Sam Hill (born 1 July 1993) is a rugby union player for Sale Sharks in the Premiership Rugby. He made his Premiership debut against Wasps playing for Exeter Chiefs on 28 January 2012 and he plays as a centre.

Club career
Hill attended Cheriton Bishop Primary School before moving on to Queen Elizabeths Community College in Crediton.
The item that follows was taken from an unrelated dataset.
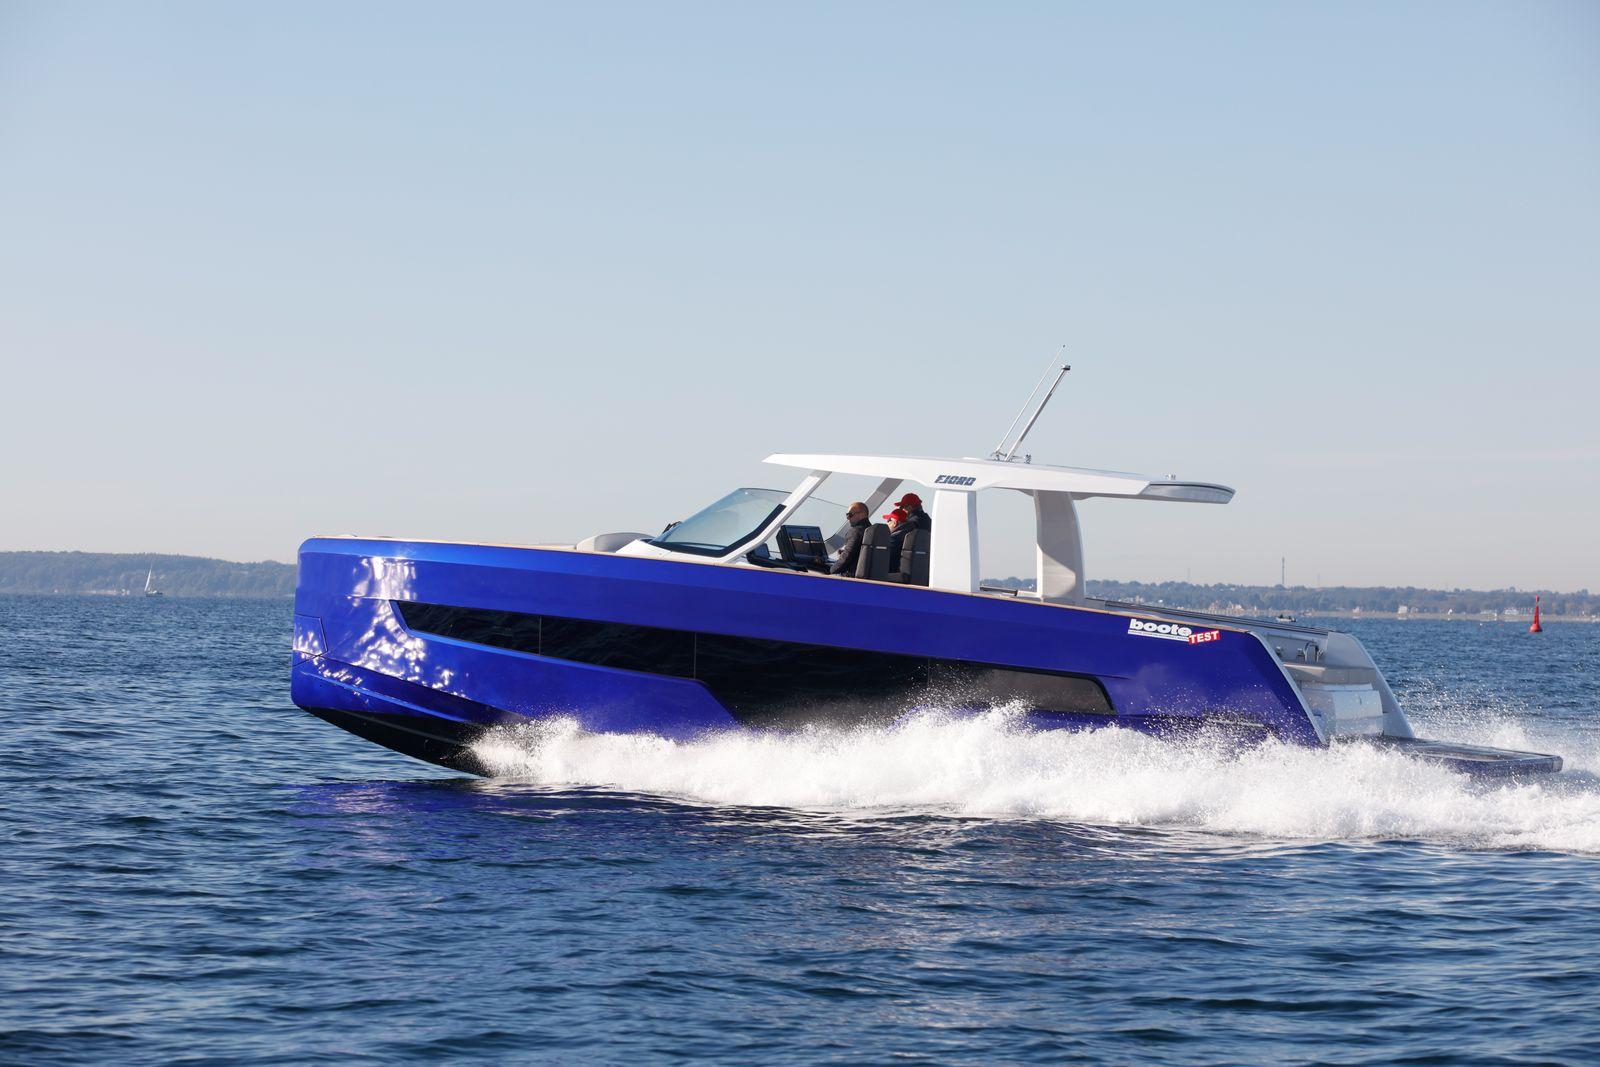 Boote Test Boot: Fjord 41 XL Motor: 2x Volvo Penta D6-440 Gewässer: Ostsee, Lübecker Bucht, Ancora Marina Redakteur: Ralf Marquard, Hanseyachts Greifswald via Henry Bleck

Having played for Crediton RFC until the age of 15, Sam gained selection for England under 16s and moved to Ivybridge College sixth form for two years.

Hill spent the early years of his professional career dual-registered with Cornish Pirates to aid his player development.

Hill has been a regular for England juniors going back to his try scoring debut against the Namibia invitational XV.
Hill has also recently been selected to play for England Saxons gaining one cap prompting a call up to England's pre-tour training squad to New Zealand.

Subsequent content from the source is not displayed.